For many, the socialist experiment had already been assigned to the dustbin of history and only deluded people would still work towards socialism

But for us in the PSM, we believe that socialism has an important, even crucial, role to play in averting a collosal economic-ecological disaster that will occur within the next 30-60 years!

We believe that the world has to find a workable alternative to an economy driven by corporate greed.
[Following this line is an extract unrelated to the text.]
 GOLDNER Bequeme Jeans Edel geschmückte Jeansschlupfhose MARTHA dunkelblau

We advise 3 main arguments for this position.

1. Malaysia’s current economic course recommends to a “Race of the bottom”.
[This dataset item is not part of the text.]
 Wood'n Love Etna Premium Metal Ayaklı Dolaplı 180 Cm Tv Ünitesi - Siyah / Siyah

The global owners of capital and technological expertise who control market access are a relatively small number of corporations – about 500 to 1000. They have become all powerful in the unipolar world of today and they can “bargain hunt”. Even the biggest governments can’t control them.

The measures that Malaysia is taking to attract investors into Malaysia include

Lowering corporate tax and supplementing tax income by enacting a GST. The tax burden is being shifted onto ordinary Malaysians

Enhancing “labour flexibility”. This is a misnomer – it undermines job security and workers’ rights through allowing contractualizing of labour and by weakening unions.

Privatization of basic services such as health care and tertiary education.

All these measures pile economic pressure on the lower 70 % of the population.

And these are measures other developing countries are also taking – each outdoing the neighbor in the mad rush for FDI. It is very difficult to build a caring society within this framework of development.

2. Chronic under consumption leading to massive growth of financial capital and increasingly volatile financial “bubbles”.

The ability of large corporations to “bargain hunt” in the cheapest sites to station their factories has meant mega-profits for these corporions but at the same time has stunted the aggregate consumption power of the global economy. When a US or European firm lays off 100 US workers by shifting to China and hiring 100 Chinese workers at 1/7 the wage, the total buying power of the working class is reduced.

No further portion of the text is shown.